Results go into `col_char[c]`, `col_top[c]`, `col_bot[c]`: 512-byte `.bss` arrays.

**Pass 2**: row-major. Per row: `append_cursor_move(r+2, 2)`, then per column: space if above `col_top`, `.` if below `col_bot`, `0xE2 0x96 ` (3-byte UTF-8 block) if inside. The 3 buffer bytes encode 1 terminal column: don't conflate byte offsets with display positions.

`render_minimap`: runs after Pass 2, before flush. Writes 16×16 ASCII into columns `[term_cols - 16, term_cols - 1]`, rows 2–17. `#` / `.` / `@` (player at `player_x >> 8`, `player_y >> 8`). Overwrites whatever the raycaster put there.

`append_cursor_move(rdi=row, rsi=col)`: emits `ESC[;H` using `int_to_ascii`. Preserves `rbx`, `r12`, `r13`.

## Timing (`timing.asm`)

`clock_gettime(CLOCK_MONOTONIC)` writes a 16-byte `timespec`. `elapsed_ns` is `(Δsec × 1e9) + Δnsec`. Frame sleep is `nanosleep` with `tv_sec=0` and the nanosecond remainder in `tv_nsec`. The struct is `{tv_sec at 0, tv_nsec at 8}`: putting the nanosecond value in `tv_sec` by accident gives a ~16 million second sleep.

## ABI

SysV x86-64. `rbx`, `rbp`, `r12`–`r15` are callee-saved: push/pop at function entry/exit if used. Everything else is caller-saved; assume it's destroyed after any call. Clobbering a callee-saved register without saving it won't crash immediately: it corrupts whatever the caller stored there, and you'll spend an hour in GDB before tracing it back.

Stack is 16-byte aligned before `call`. The return address push leaves it misaligned by 8 on function entry.
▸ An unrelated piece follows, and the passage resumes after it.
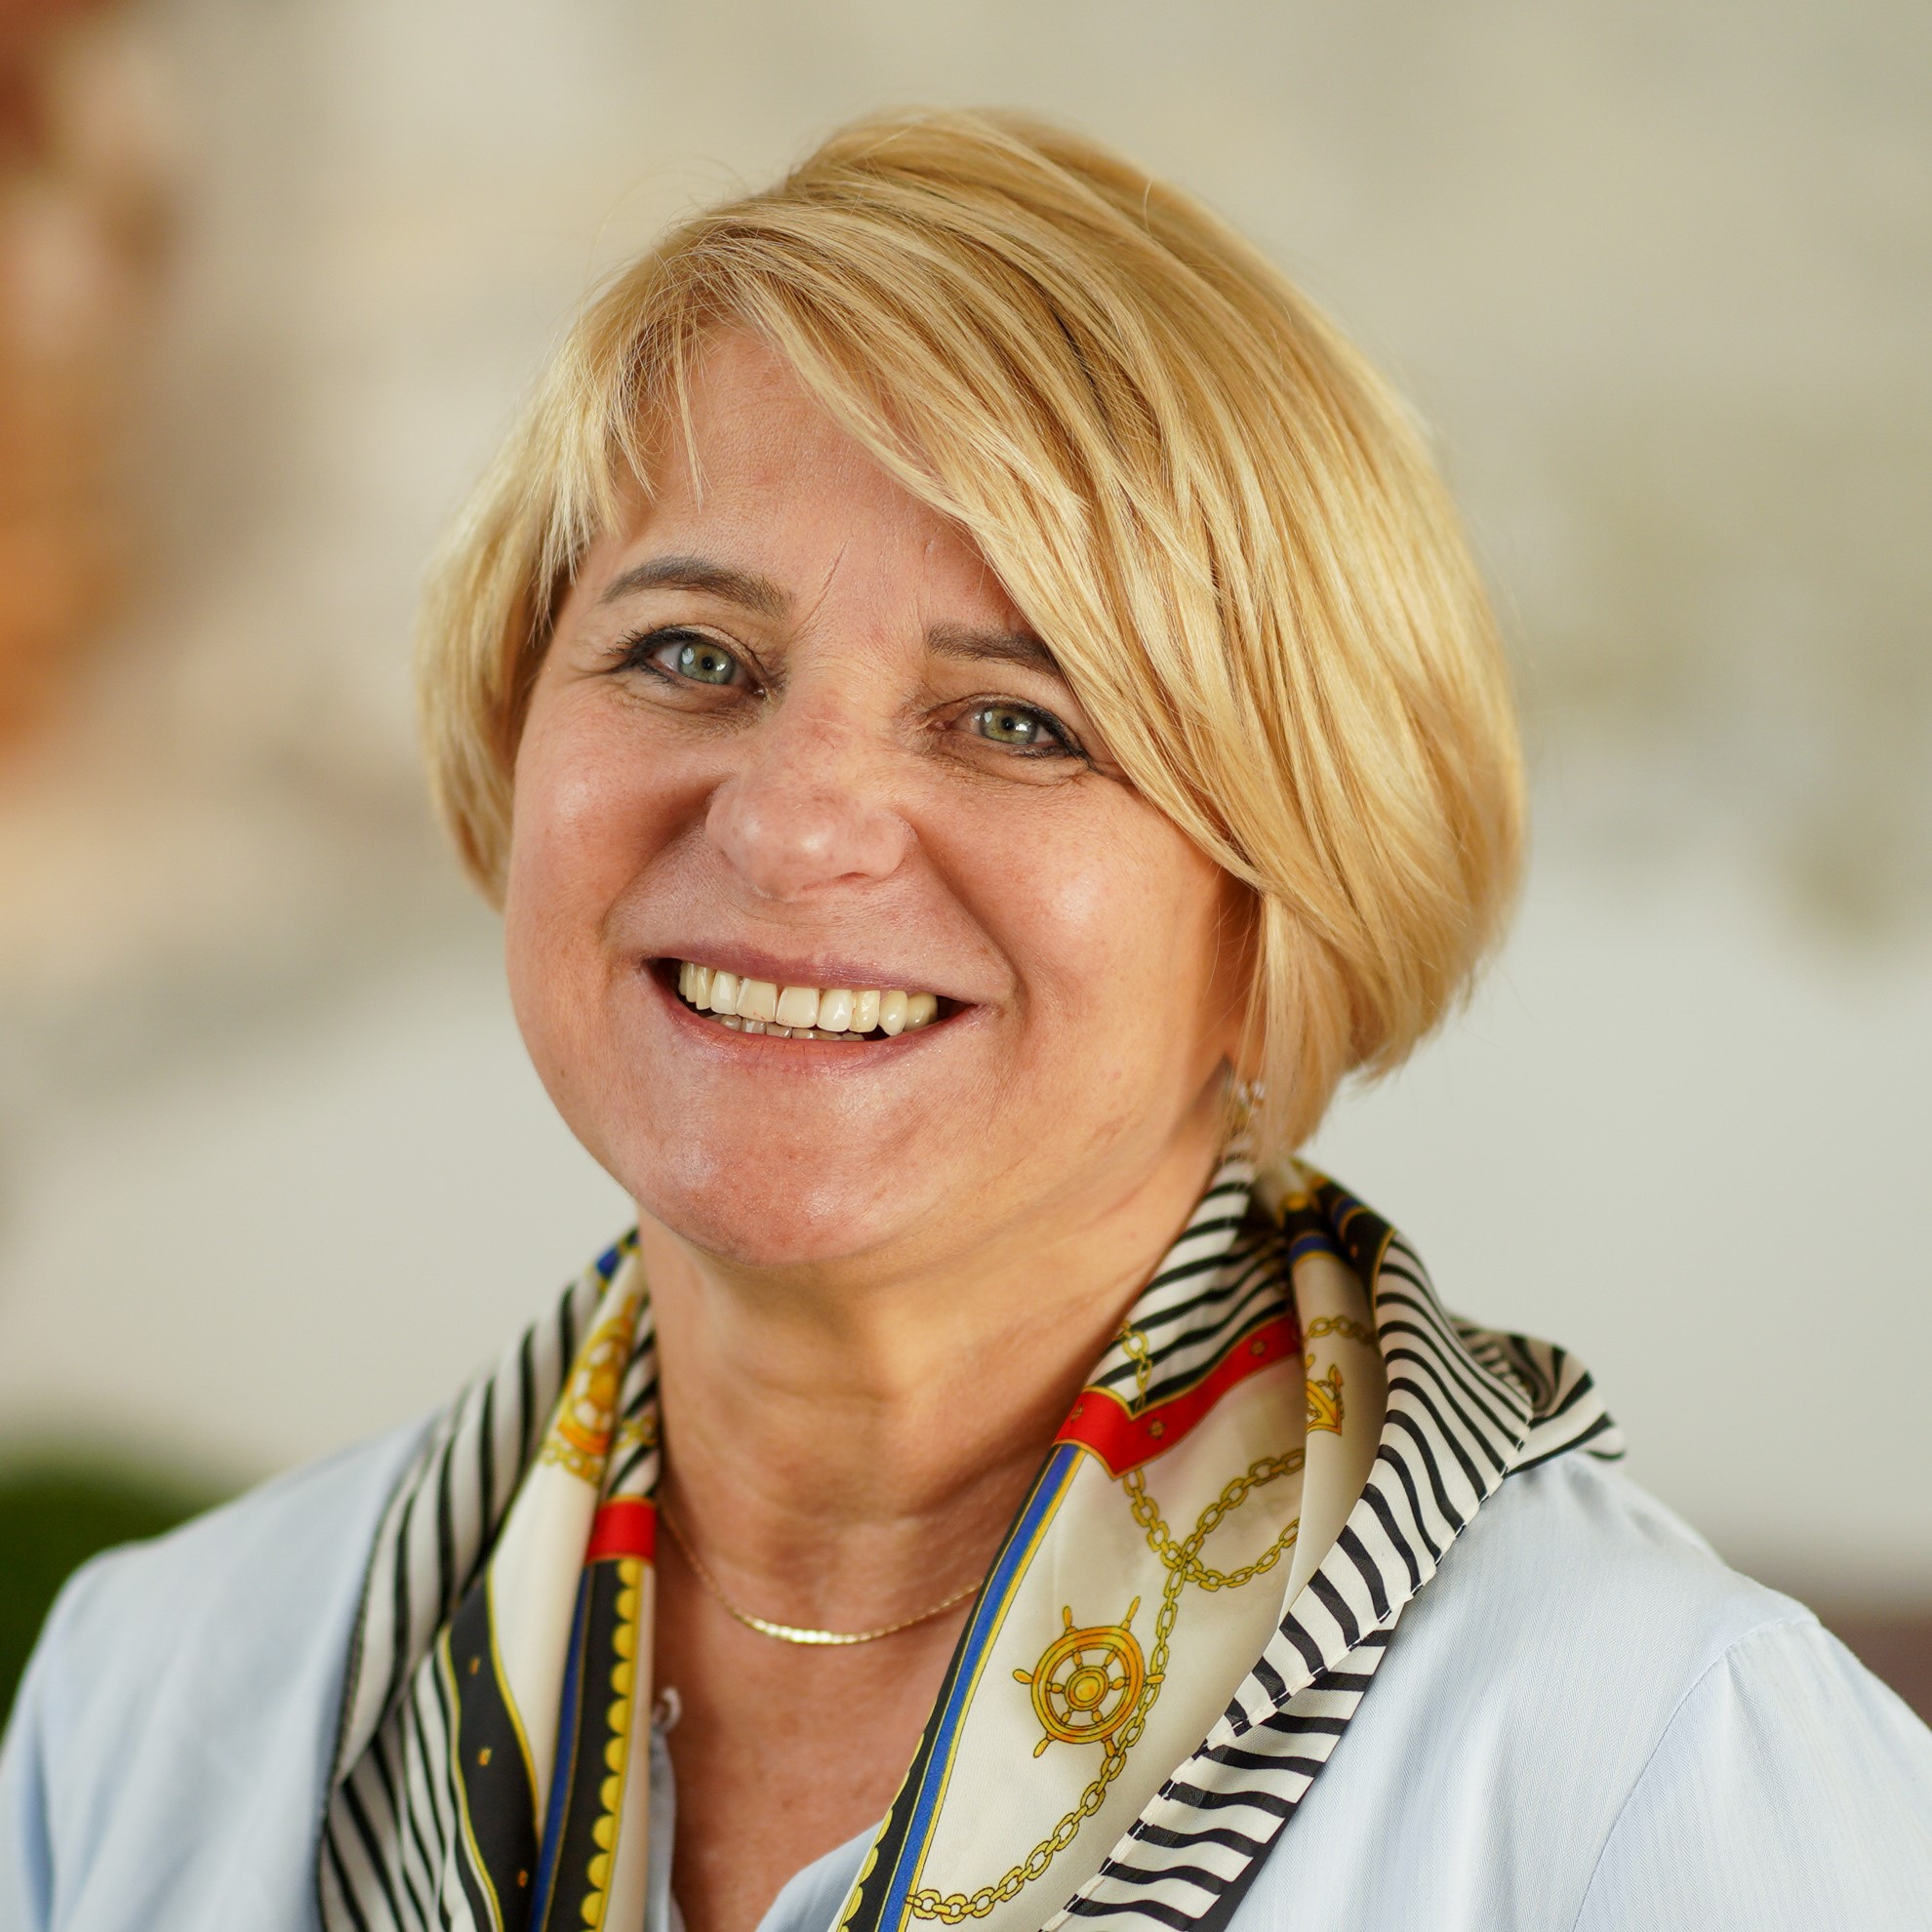 http://akademia.prodialog.pl/wp-content/uploads/2020/05/Barbara-Basińska.jpg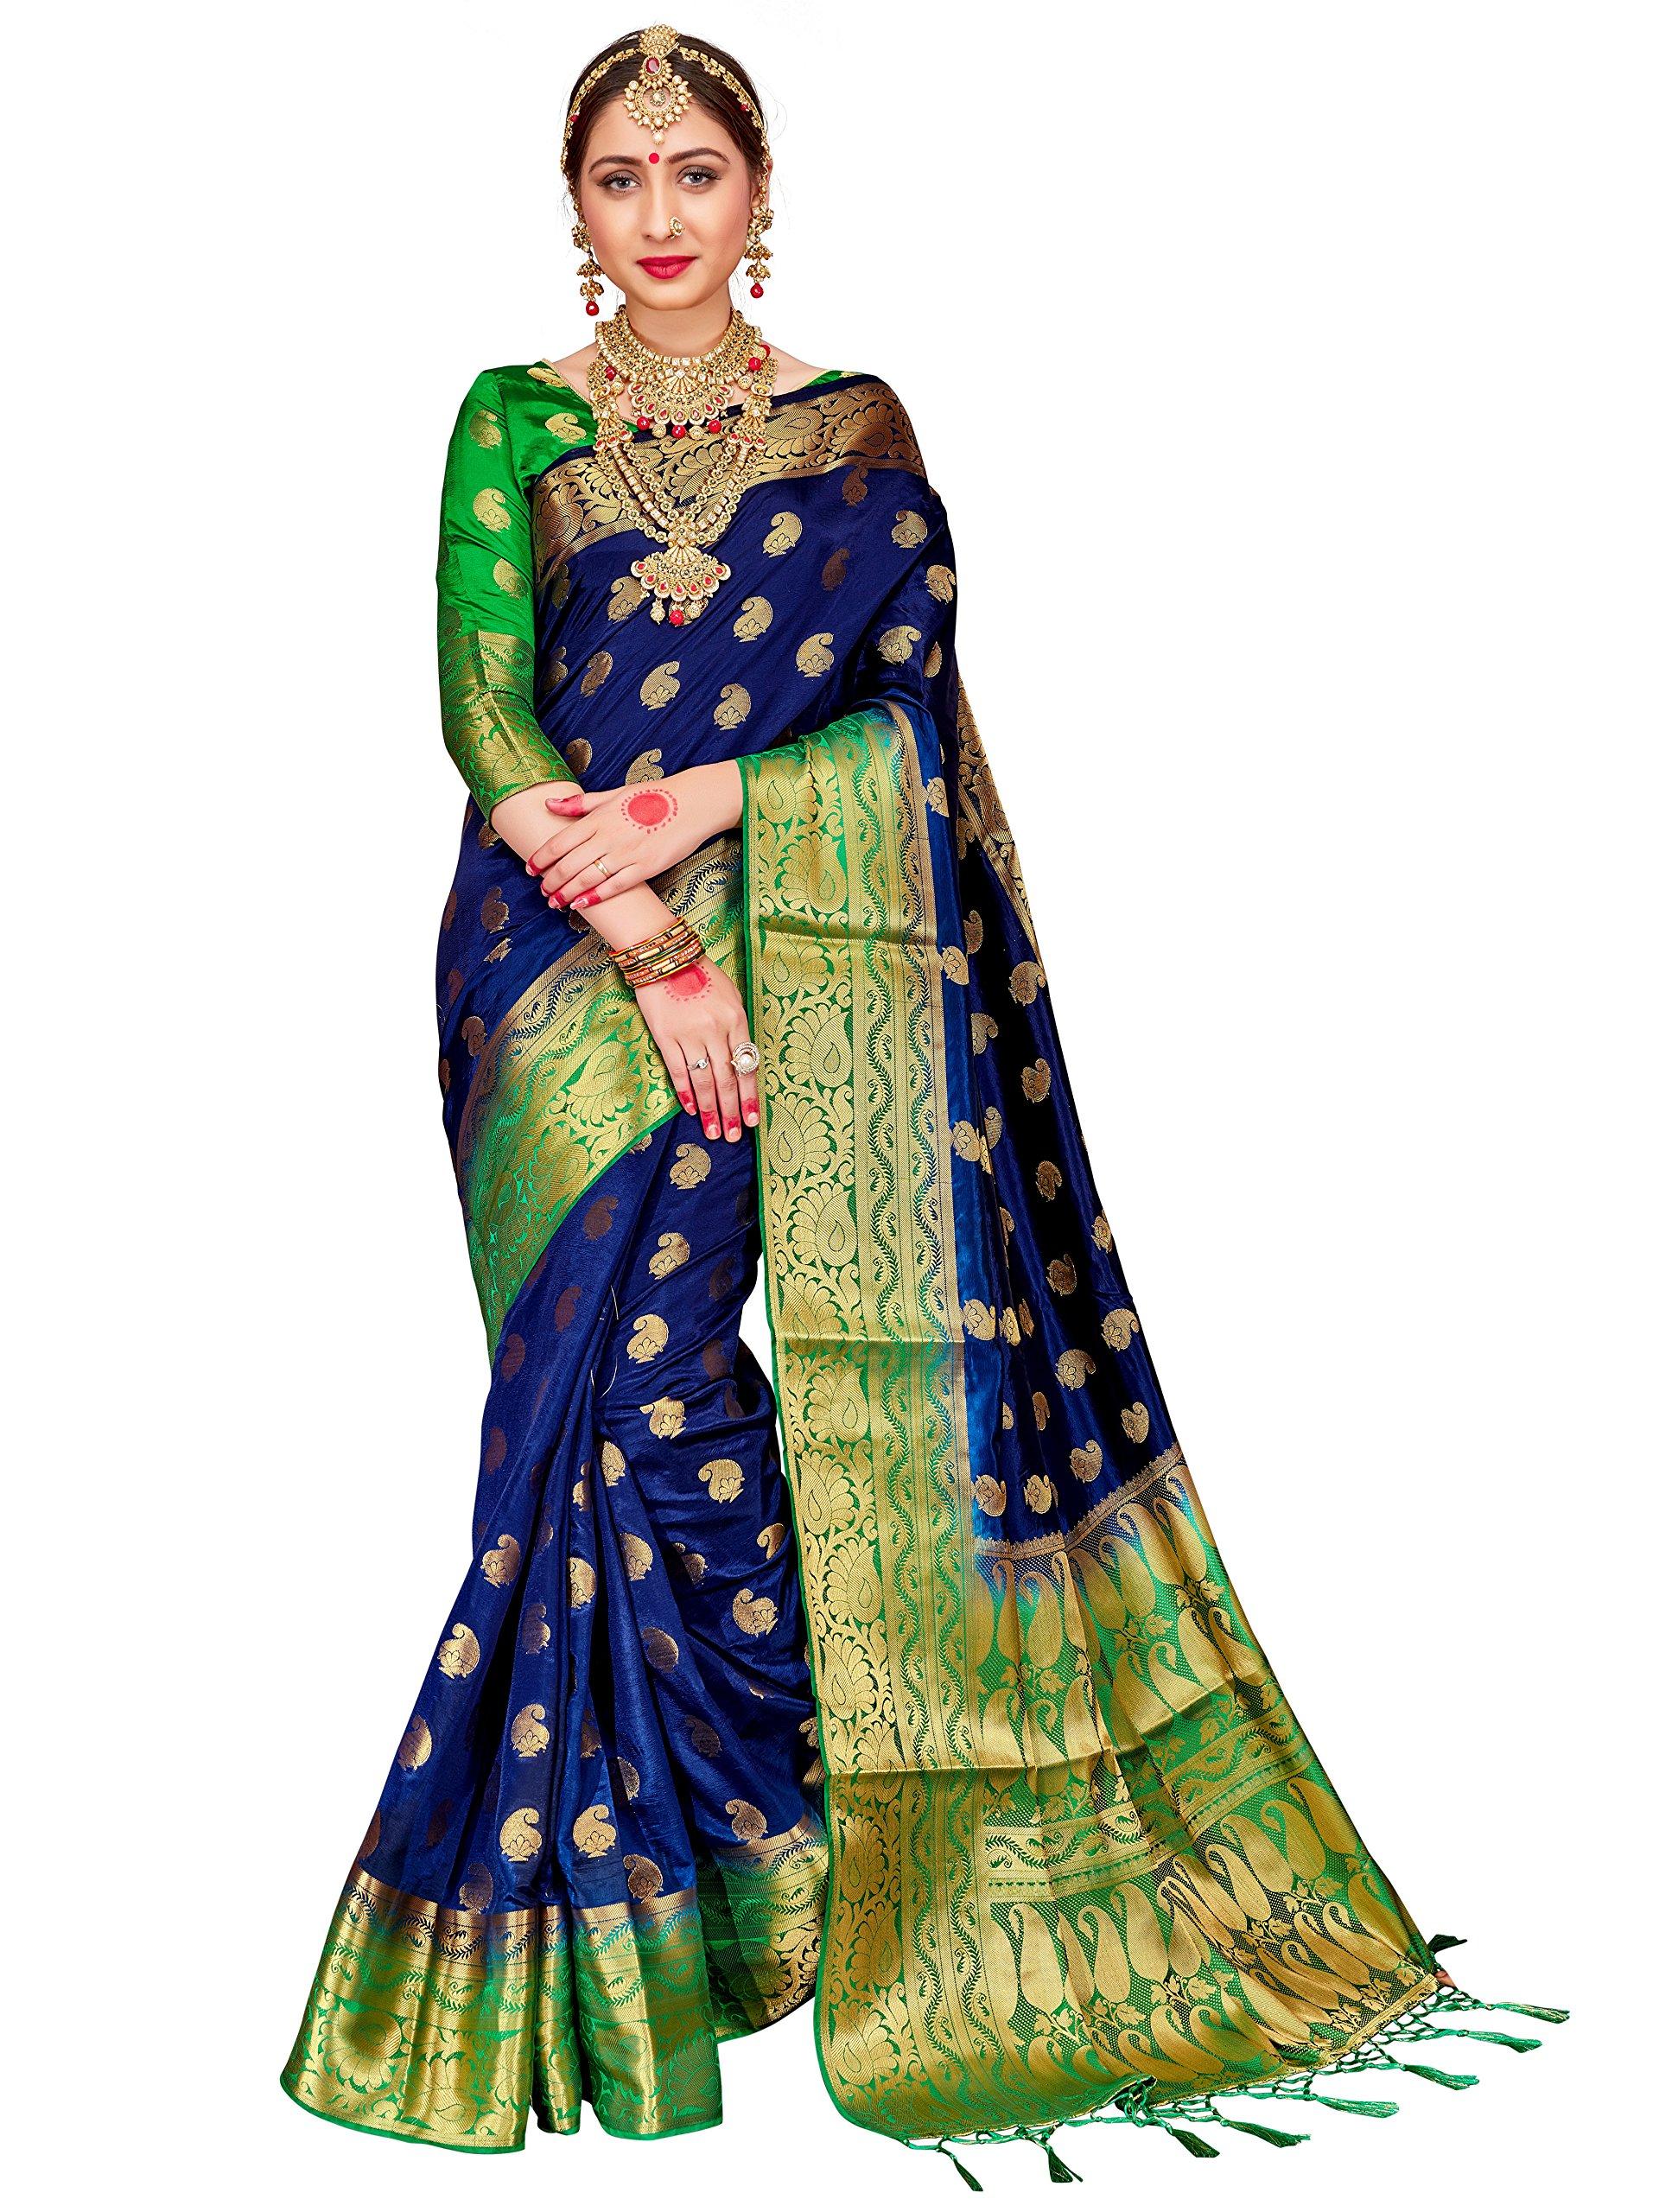 ELINA FASHION Sarees for Women Banarasi Art Silk Woven Work Saree l Indian Wedding Ethnic Wear Sari & Blouse Piece (Navy Blue)

Functions that call other functions and haven't pushed an odd number of 8-byte values need `sub rsp, 8` to re-align before the first nested call.

Signal handlers run on the same stack. The red zone below `rsp` is not safe to use.

## Known Issues

`col_top` and `col_bot` are single bytes. Values above 255 truncate silently. `MAX_SCREEN_ROWS` is capped at 200, so this doesn't bite in practice.

Angle normalisation does one add or subtract. If `ROT_SPEED` were ever >= 360 this would wrap incorrectly: it's 5, so it won't.

SIGWINCH is not handled. Resize after startup corrupts the border until restart.

DDA iteration cap is 32. Fine for a 16×16 map. Raise it if the map grows past `MAP_WIDTH + MAP_HEIGHT > 32`.

## Debugging

```bash
gdb ./baremetal
(gdb) layout asm
(gdb) layout regs
(gdb) b cast_ray
(gdb) b render_frame
(gdb) si
(gdb) x/16xb &world_map
(gdb) x/gd &player_x # raw Q8 value
(gdb) p *(long*)&player_x >> 8 # map cell
```

Terminal stuck in raw mode after a crash: `reset`.